1/6
В блеклом свете разгорающегося утра сверкнуло стеклышко наручных часов. Секундная стрелка дернулась, пересекая раздел между четвертью и шестнадцатью минутами восьмого. Мы ждали около частной клиники вот уже полчаса. Наверное, это была моя вина. Но я вечно переживаю, что могу опоздать, а потому обычно прихожу заранее. На этот раз к боязни опоздания прибавилась нервозность от предстоящего обследования.
Ночью спалось неважно, и не мной одной. Слава долго не мог улечься, то гремел на кухне кастрюлями, организуя себе поздний ужин, то разогревал в микроволновке молоко, то принимался за чтение. Я несколько раз заглядывала в гостиную, где он сидел в кресле с книгой на коленях, но так и не решилась завести разговор. Да и о чем тут говорить?

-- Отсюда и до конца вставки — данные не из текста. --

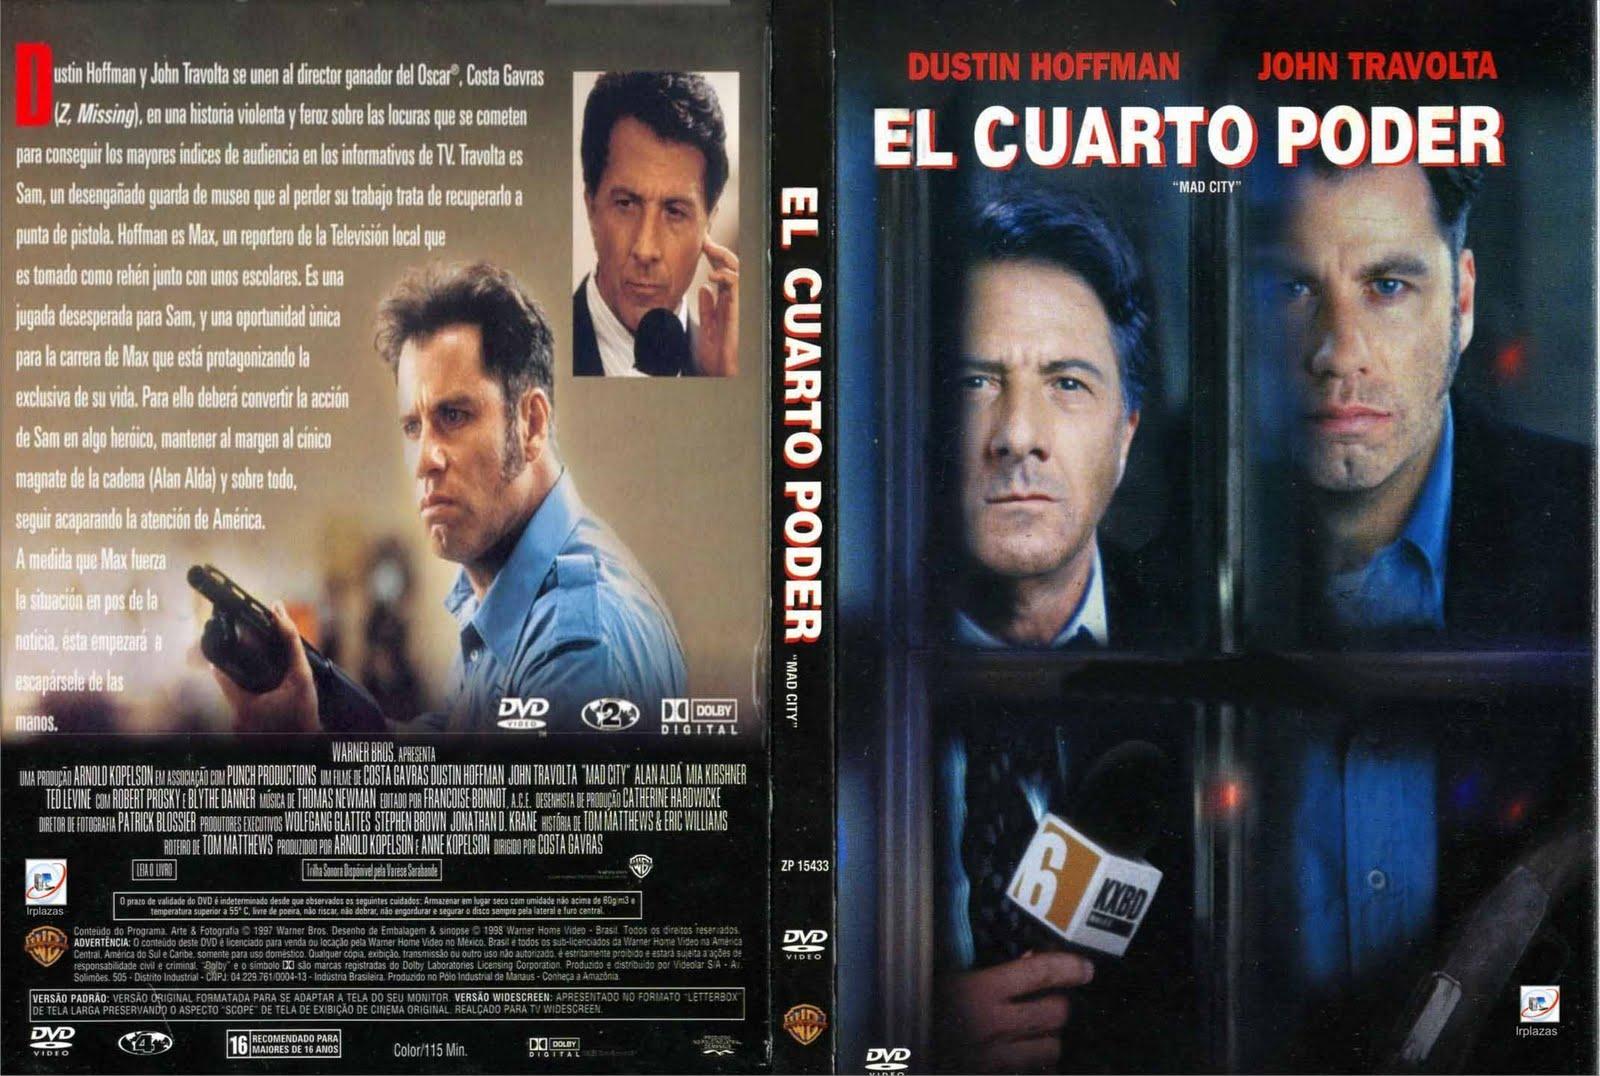 CINEFILOS2000: El cuarto poder (1998)

После консультации у невролога ничего так и не прояснилось. Ясно было одно: муж оглох на одно ухо, стал хуже соображать, иногда вдруг замирал, словно не зная, зачем он совершает то или иное действие. И все это за неполные три недели… То есть, три недели назад появились первые явные симптомы болезни, но судя по его рассказу, ухудшения начались задолго до того, как в ухе начало «булькать».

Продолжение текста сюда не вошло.